For further analysis, the deduction inventory and the global transaction can use different Redis, so

  • Deducted inventory: If supported by a separate Redis, then the theoretical upper limit for deducted inventory is 60,000/s, and the predicted actual value is 60,000 * 0.6 = 36,000/s. If we go further and use Redis6's multi-threaded IO, we can get higher performance, reaching about 60,000 * 2.5 * 0.6 = 90,000/s.
  • Global transactional operations: And the dtm in this only needs to deploy multiple groups, or use a clustered version in the future, to provide support well beyond 90,000/s.
  • So with the new architecture, it is expected that 9w/s of second request traffic can be achieved

The above analysis is still limited to installing Redis on the virtual machines of ordinary cloud vendors themselves. If Redis can provide more robust performance through a simple hardware upgrade, or by using the Redis provided by the cloud customized, the above 9w/s can be increased by another step.

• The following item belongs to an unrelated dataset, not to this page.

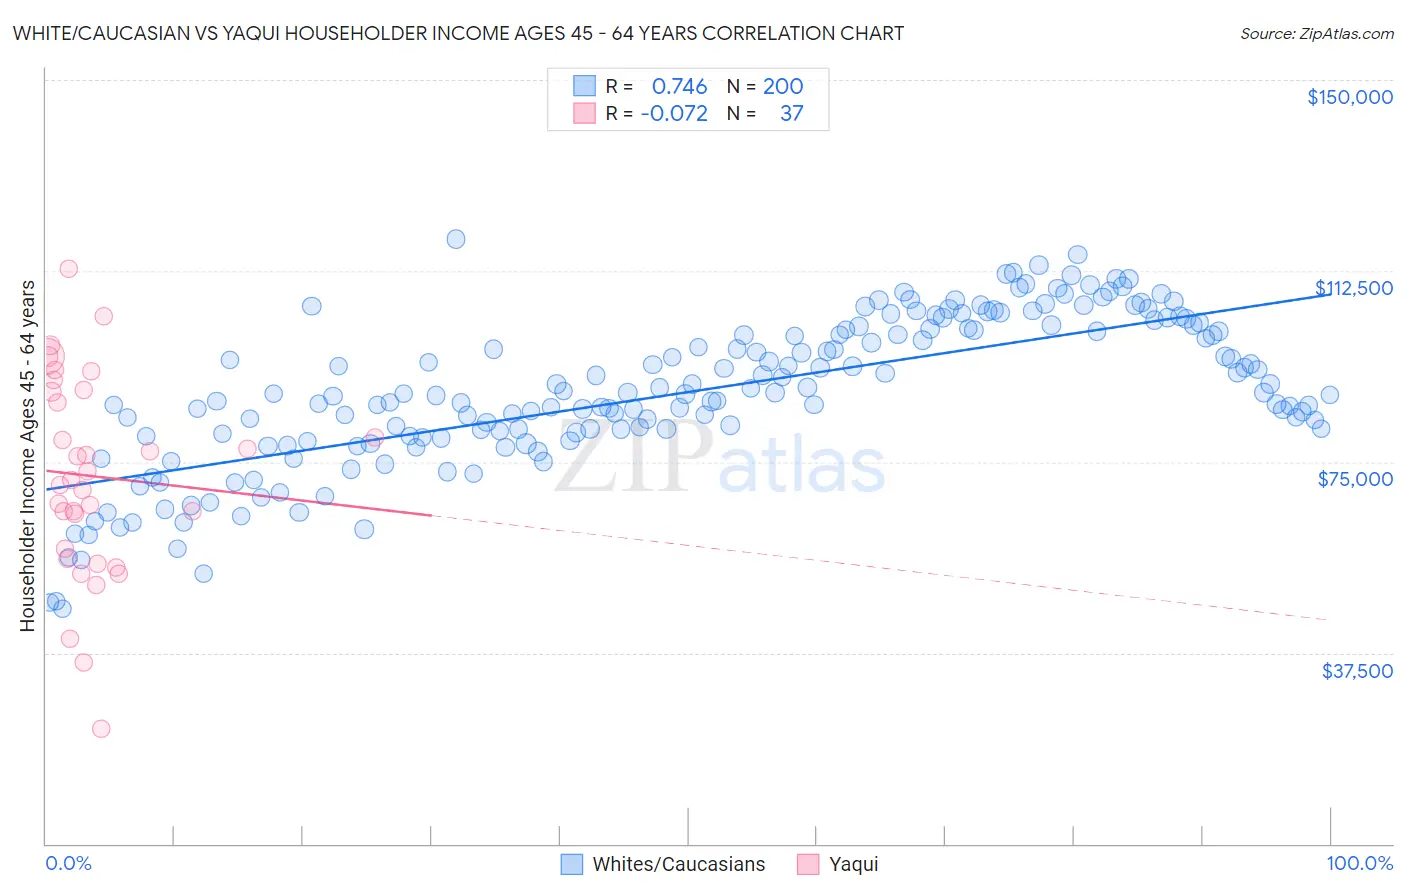 White/Caucasian vs Yaqui Householder Income Ages 45 - 64 years

Referring to the peak order rate of Ali's Double 11: 583,000 orders/second, the above predicted 90,000/s is sufficient for almost all flash-sales

Code example

For a complete runnable code example, you can refer to dtm-cases/flash

Flash-sales performance test details

Tested environment, two Ali cloud hosts, type: ecs.hfc5.3xlarge 12 core CPU 3.1GHz/3.4GHz PPS 1.3 million

  • One machine running Redis
  • The other machine is running the test program

Test procedure.

Preparing Redis

Select virtual machine A to install Redis

apt-get install -y redis
# Modify /etc/redis/redis.conf
# bind =>

systemctl redis restart

prepare dtm

Select virtual machine B to install dtm

apt update
apt install -y git

wget https://golang.org/dl/go1.17.1.linux-amd64.tar.gz
rm -rf /usr/local/go && tar -C /usr/local -xzf go1.17.1.linux-amd64.tar.gz && cp -f /usr/local/go/bin/go /usr/local/bin/go

git clone https://github.com/dtm-labs/dtm.git && cd dtm && git checkout v1.11.0 && cd bench && make
# modify dtm/bench/test-flash-sales.sh
# export BUSI_REDIS=localhost:6379 => private ip of virtual machine A

to run the test

sh test-flash-sales.sh

Get the results

My results show that I was able to complete about 1.2w spike requests per second: the

Requests per second: 11970.21 [#/sec] (mean)


We propose a new spike architecture that can guarantee the atomicity of creating orders and deducting inventory, and is predicted to quickly support 90,000/s of flash-sales request traffic. It helps everyone to solve the business requirements of flash-sales better and faster.